_Task prompt_. You are asked to reproduce the listing exactly and to omit its pictures.

_Given information_.
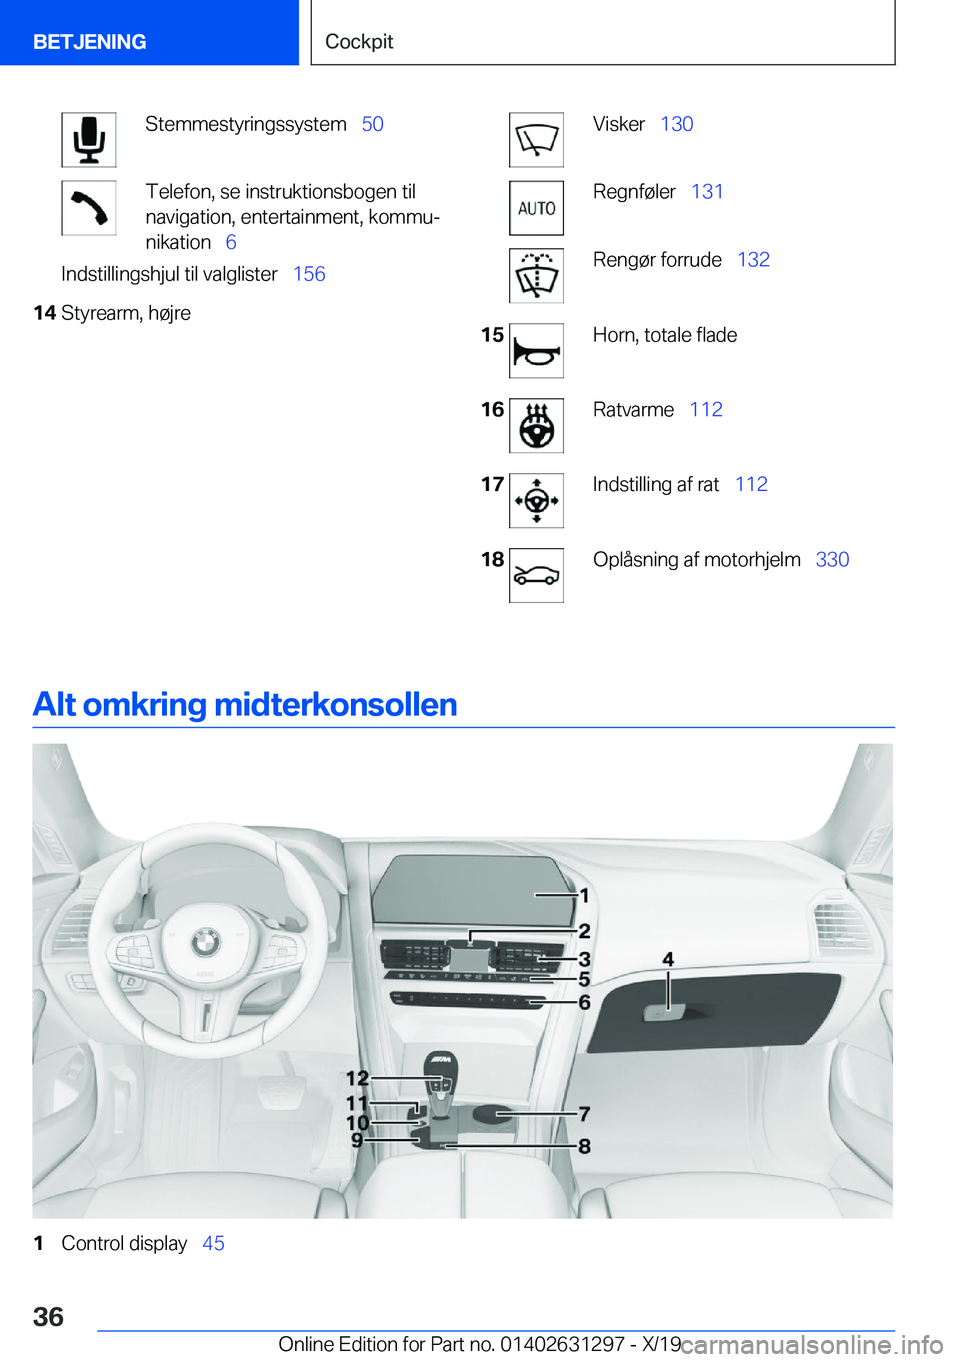 BMW M8 2020  InstruktionsbØger (in Danish) �S�t�e�m�m�e�s�t�y�r�i�n�g�s�s�y�s�t�e�m\_�5�0�T�e�l�e�f�o�n�,��s�e��i�n�s�t�r�u�k�t�i�o�n�s�b�o�g�e�n��t�i�l
�n�a�v�i�g�a�t�i�o�n�,��e�n�t�e�r�t�a�i�n�m�e�n�t�,��k�o�m�m�uj
�n�i�k�a�t�i�o�n\
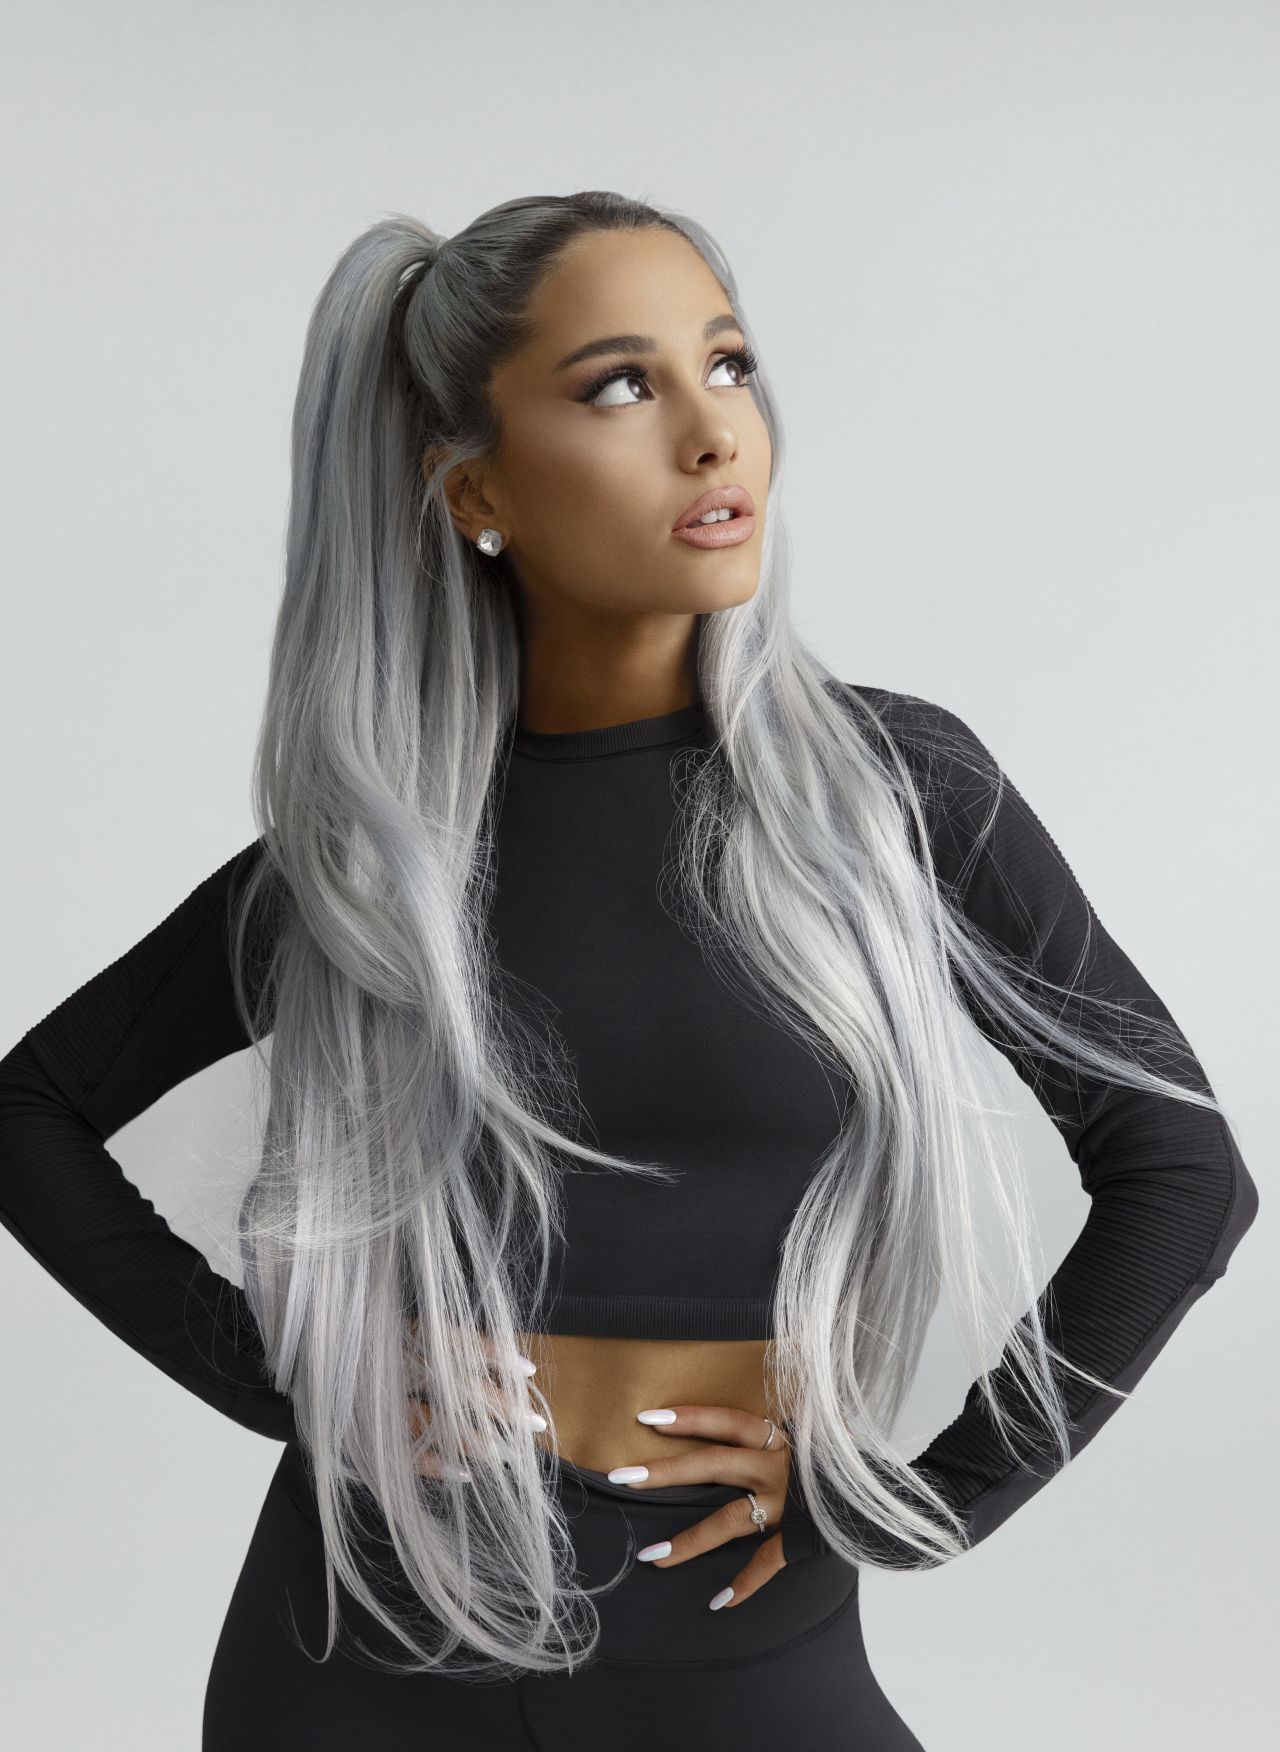 Ariana Grande Reebok "Be More Human" Campaign Photoshoot 2018 CelebMafia
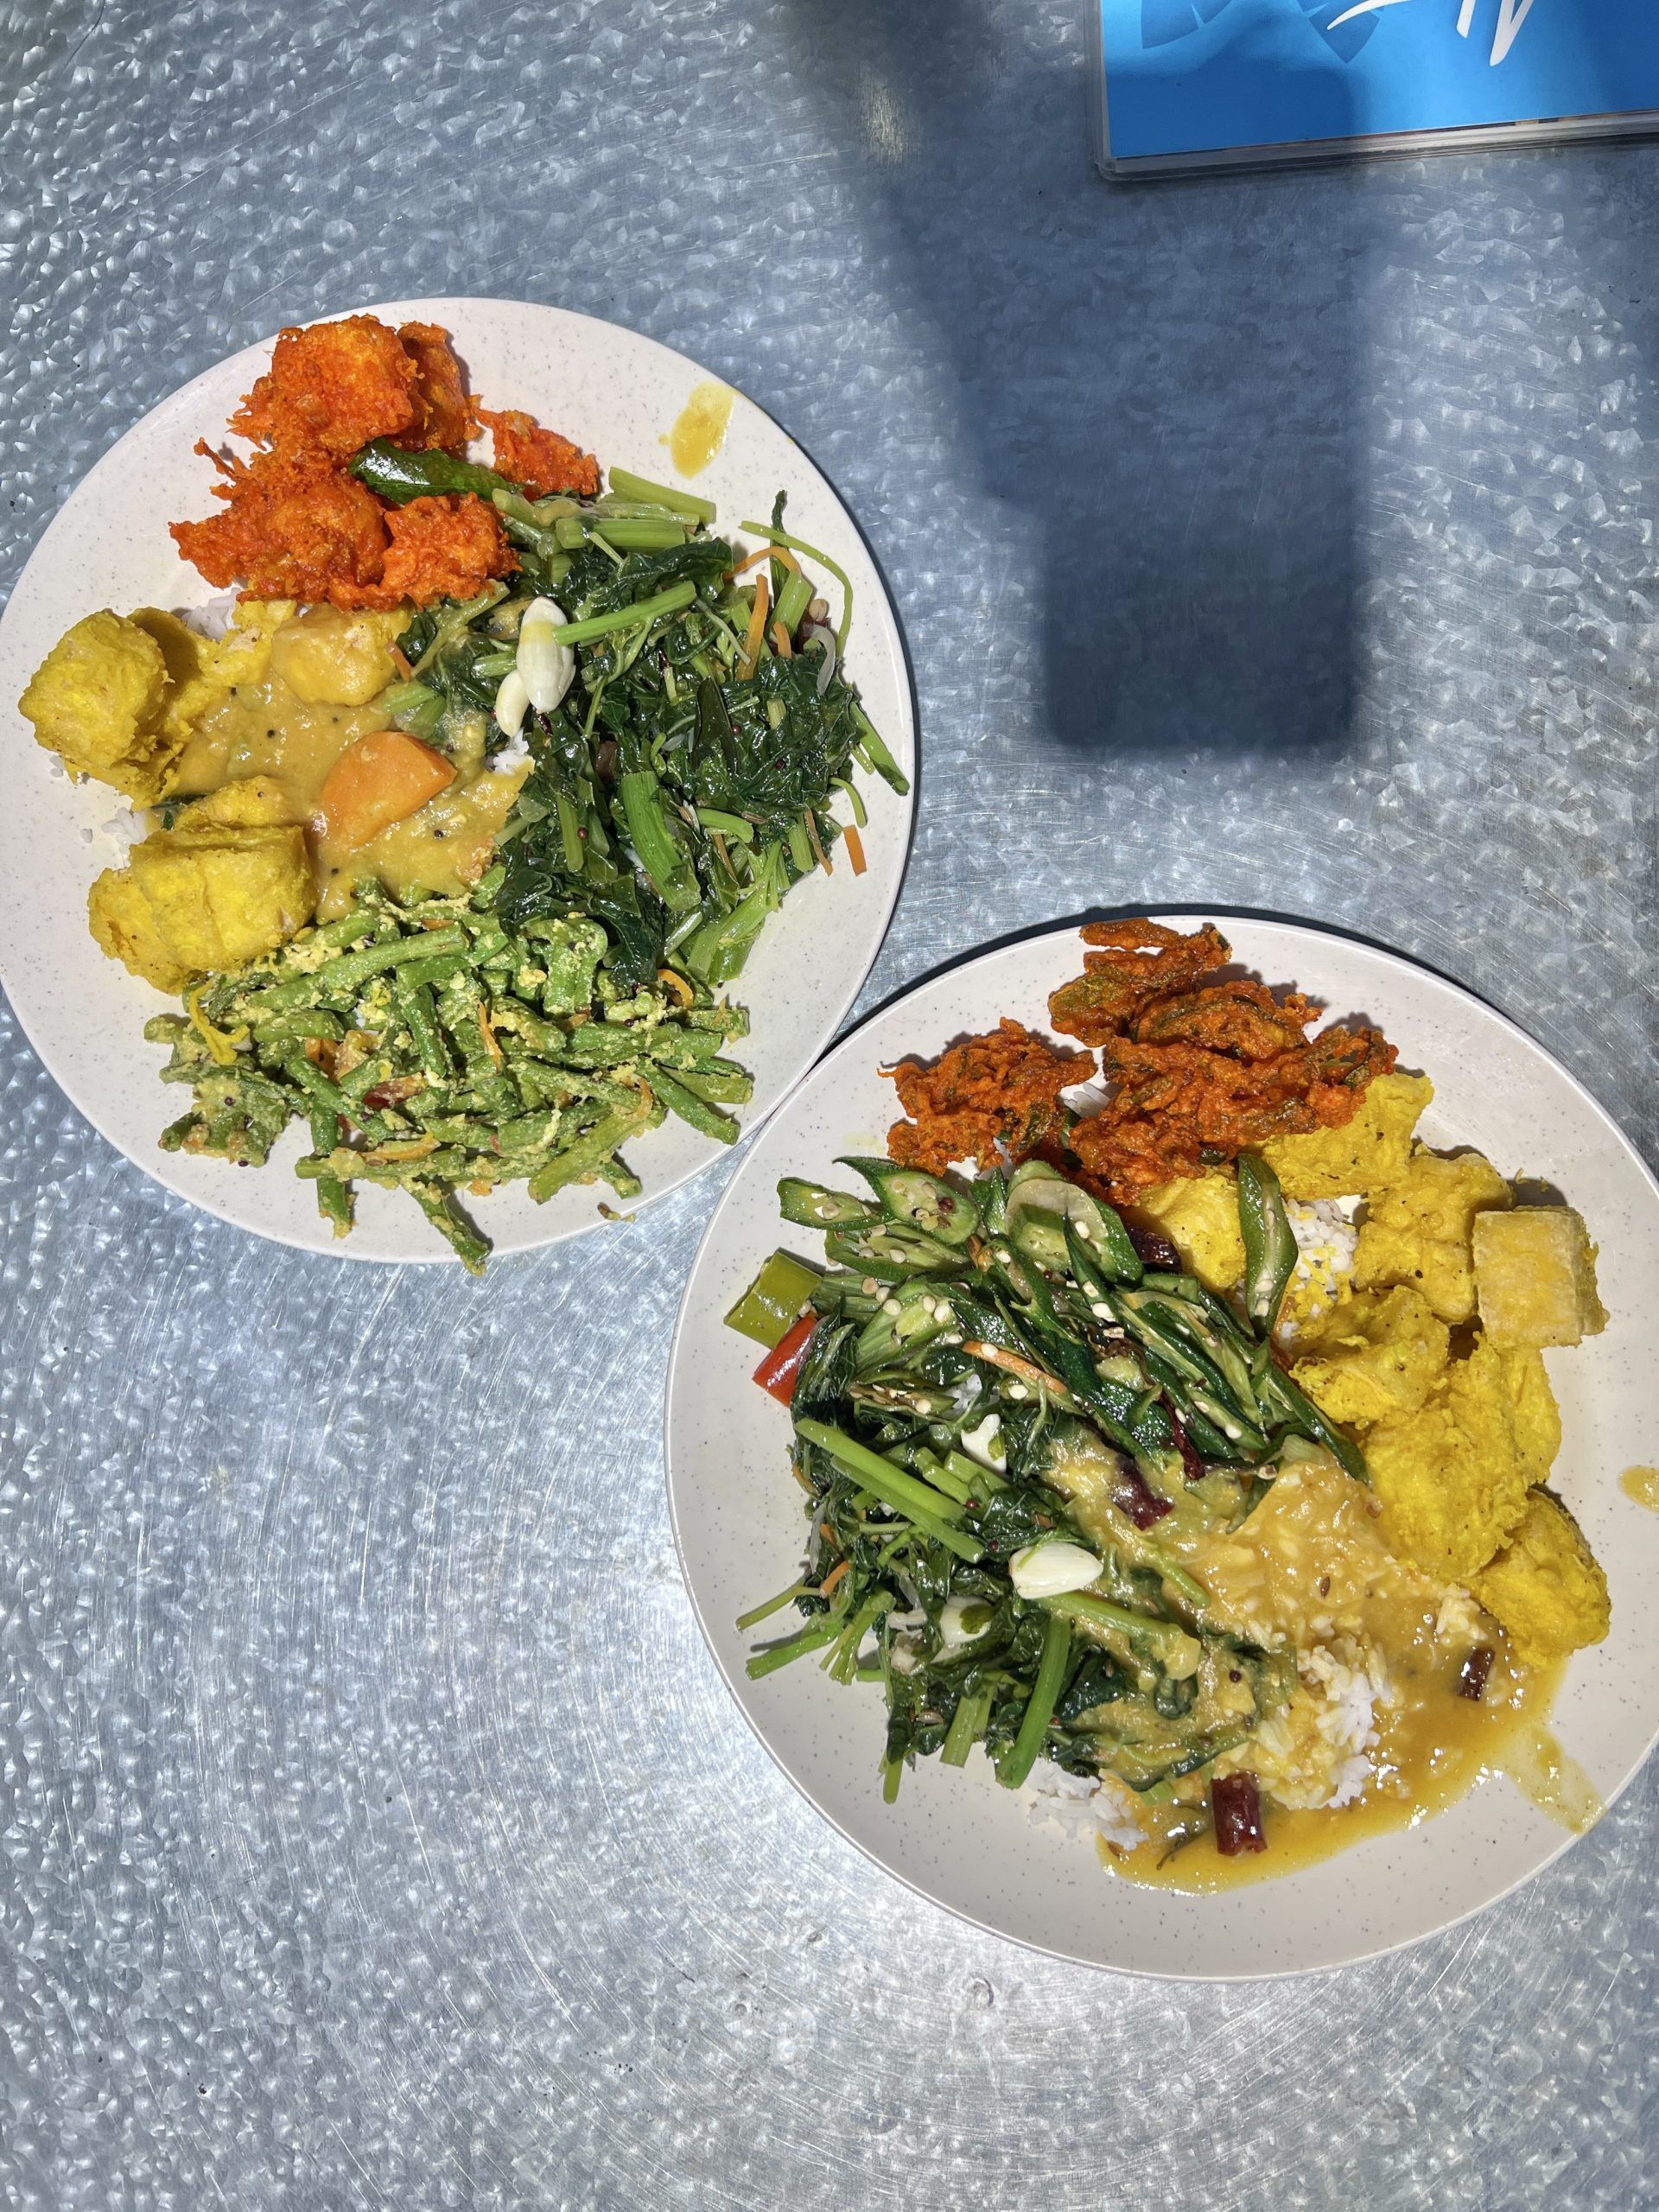 Vegan Food at Atap Nasi Kandar Jaya One, Petaling Jaya
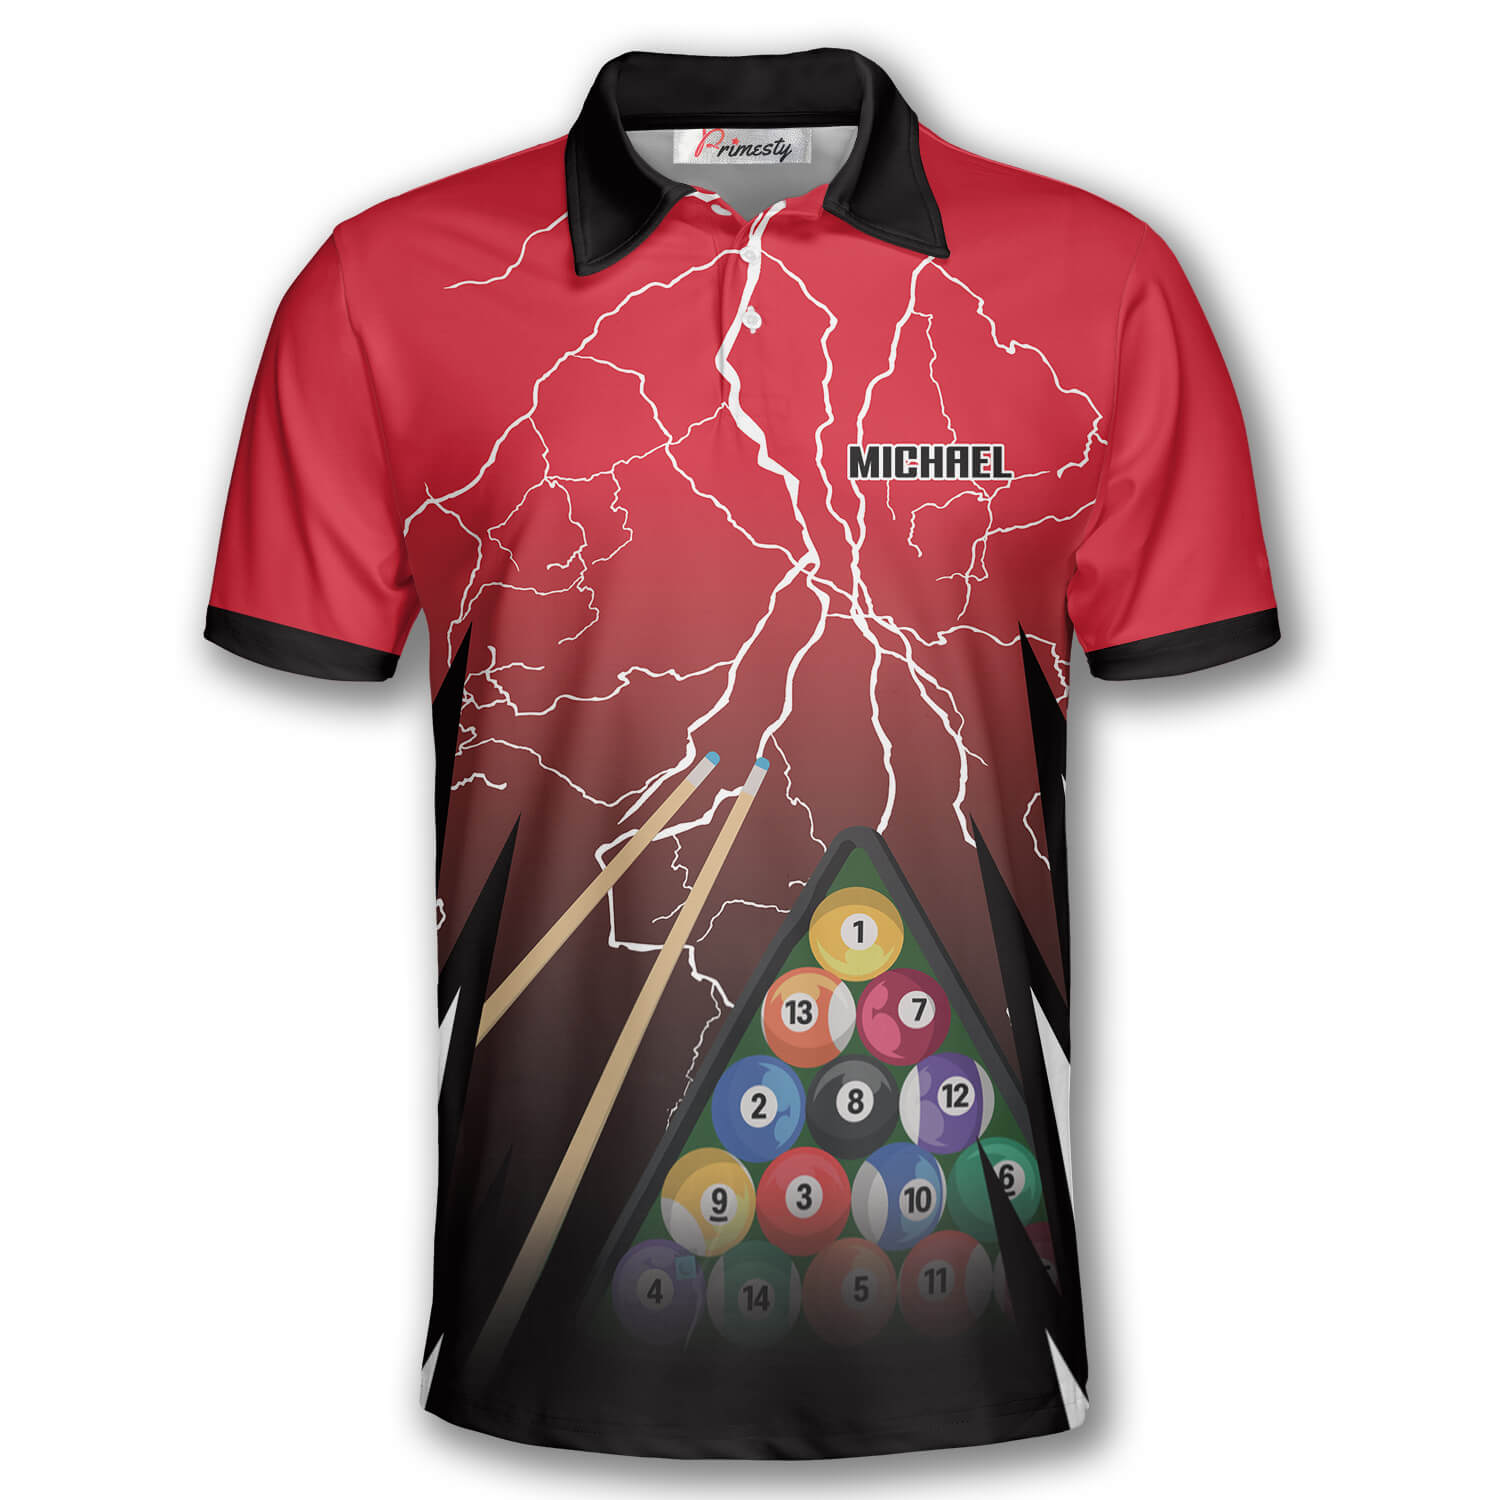 Thunder Lightning Red Version Custom Billiard Shirts for Men/ Men

_Exercise response_.
 BMW M8 2020  InstruktionsbØger (in Danish) �S�t�e�m�m�e�s�t�y�r�i�n�g�s�s�y�s�t�e�m\_�5�0�T�e�l�e�f�o�n�,��s�e��i�n�s�t�r�u�k�t�i�o�n�s�b�o�g�e�n��t�i�l
�n�a�v�i�g�a�t�i�o�n�,��e�n�t�e�r�t�a�i�n�m�e�n�t�,��k�o�m�m�uj
�n�i�k�a�t�i�o�n\
 Ariana Grande Reebok "Be More Human" Campaign Photoshoot 2018 CelebMafia
 Vegan Food at Atap Nasi Kandar Jaya One, Petaling Jaya
 Thunder Lightning Red Version Custom Billiard Shirts for Men/ Men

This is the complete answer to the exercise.